ContentMine / getpapers

Get metadata, fulltexts or fulltext URLs of papers matching a search query
MIT License
197 stars 37 forks source link

Query based on PMIDS #147

Closed alexmaina closed 7 years ago

alexmaina commented 7 years ago

I would like to bring your attention about the inability of getpapers to mine content using PMID. For example, when i run a query using pmid

alex@alex-HP-ProDesk-600-G2-SFF:~$ getpapers -q PMID:27355041 -n -o maina
info: Searching using eupmc API
info: Running in no-execute mode, so nothing will be downloaded
error: Malformed or empty response from EuropePMC. Try running again. Perhaps your query is wrong.

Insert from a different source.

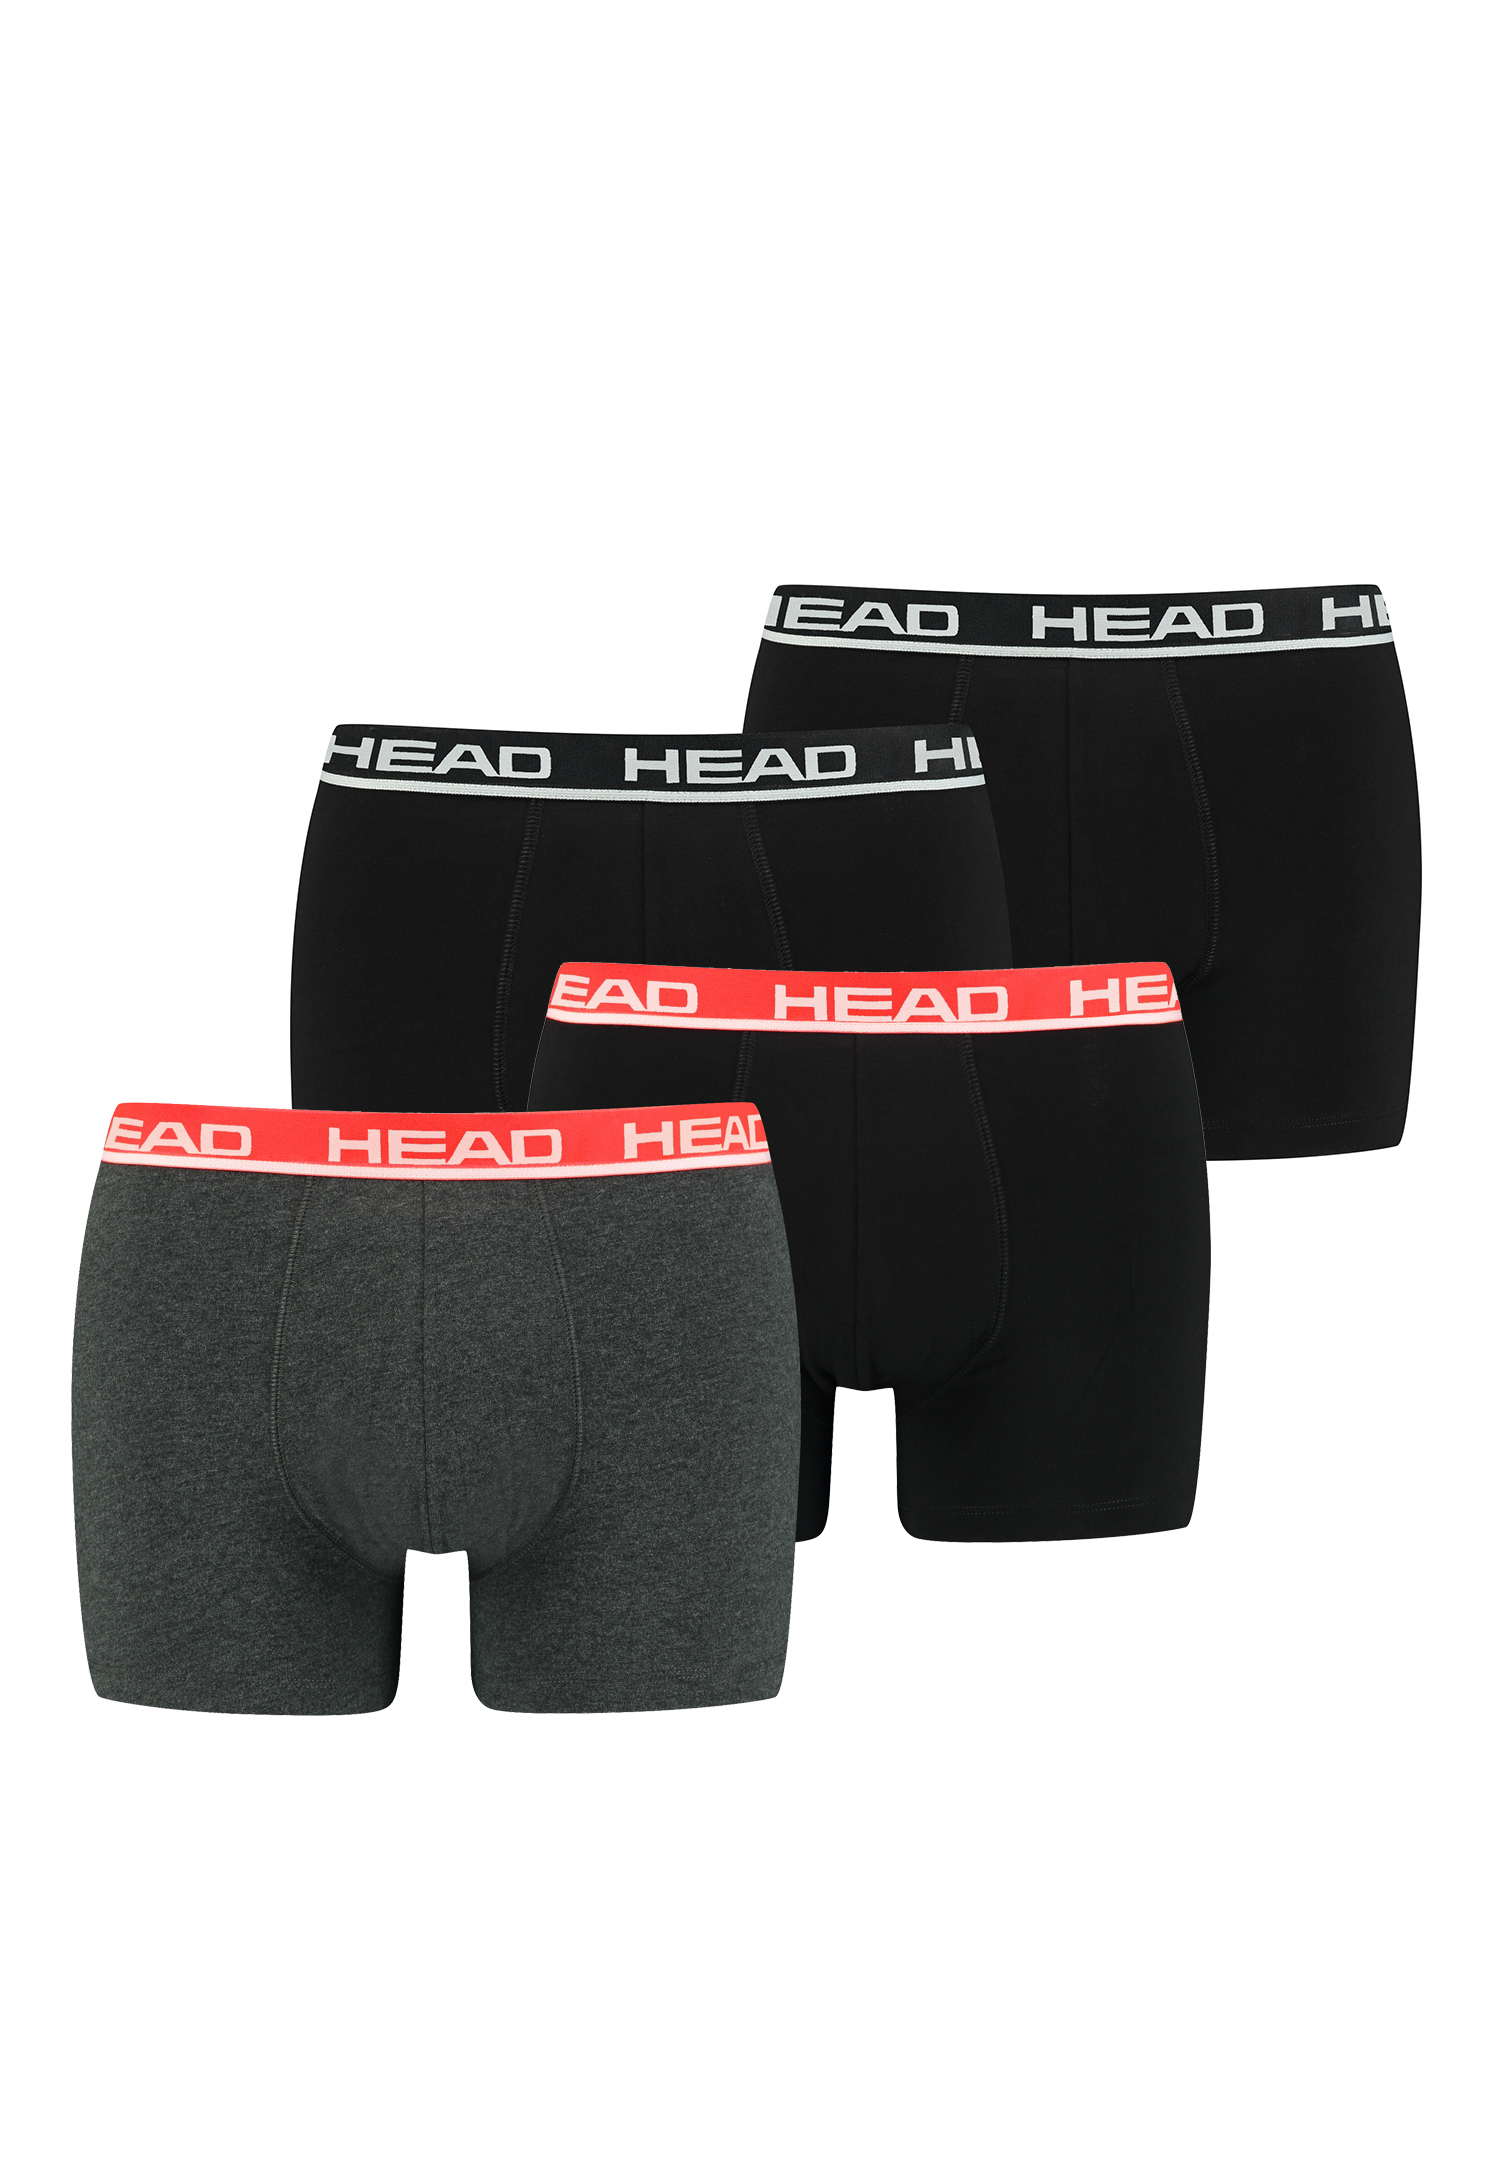 HEAD Herren Boxershorts Unterhosen 4P (Black/Grey Red, S)

When i run a query using PMCID, i get the following results

alex@alex-HP-ProDesk-600-G2-SFF:~$ getpapers -q PMCID:PMC5026053 -n -o maina
info: Searching using eupmc API
info: Running in no-execute mode, so nothing will be downloaded
info: Found 1 open access results

This document has listed PMID as a possible search field. Can getpapers search using PMIDS?

tarrow commented 7 years ago

Thanks for this report

It seems at first glance that this is a problem with EuropePMC (which getpapers depends upon)

You'll see that if you search for PMID:27355041 at europepmc.org it comes up blank. Let me investigate further though.

tarrow commented 7 years ago

It seems that at some point they stopped indexing by PMID and instead used the field EXT_ID (but this can also correspond to, for example, Agricola records)

This seems to work for me: getpapers -q EXT_ID:27355041 -o test

Let me know if you have other problems

alexmaina commented 7 years ago

Thanks @tarrow it works very well but only where the PMID is for a paper that is Open access. Does this mean getpapers cannot mine titles and abstracts that are not open access in Pubmed/medline?

tarrow commented 7 years ago

Sure; you just need to use the -a flag to also get non-open access content. Often there isn't a fulltext available for these though.

alexmaina commented 7 years ago

Thanks again.....Last question and by no means least. I have a dataset of 10 PMIDS

+------------------+
| accession_number |
+------------------+
| 27747646         |
| 27649863         |
| 27621978         |
| 27478298         |
| 27441216         |
| 27397933         |
| 27386033         |
| 27382606         |
| 27379288         |
| 27355041         |
+------------------+

How can i query 10 PMIDS in a single script?

tarrow commented 7 years ago

We don't currently have a way to do this; but we probably should.

The easiest thing would be to simply write a bash script to call getpapers several times. Are you on a unix machine?

tarrow commented 7 years ago

I made a new issue for this: #148

alexmaina commented 7 years ago

Yes I am on a unix machine...is this the same for PMCIDs?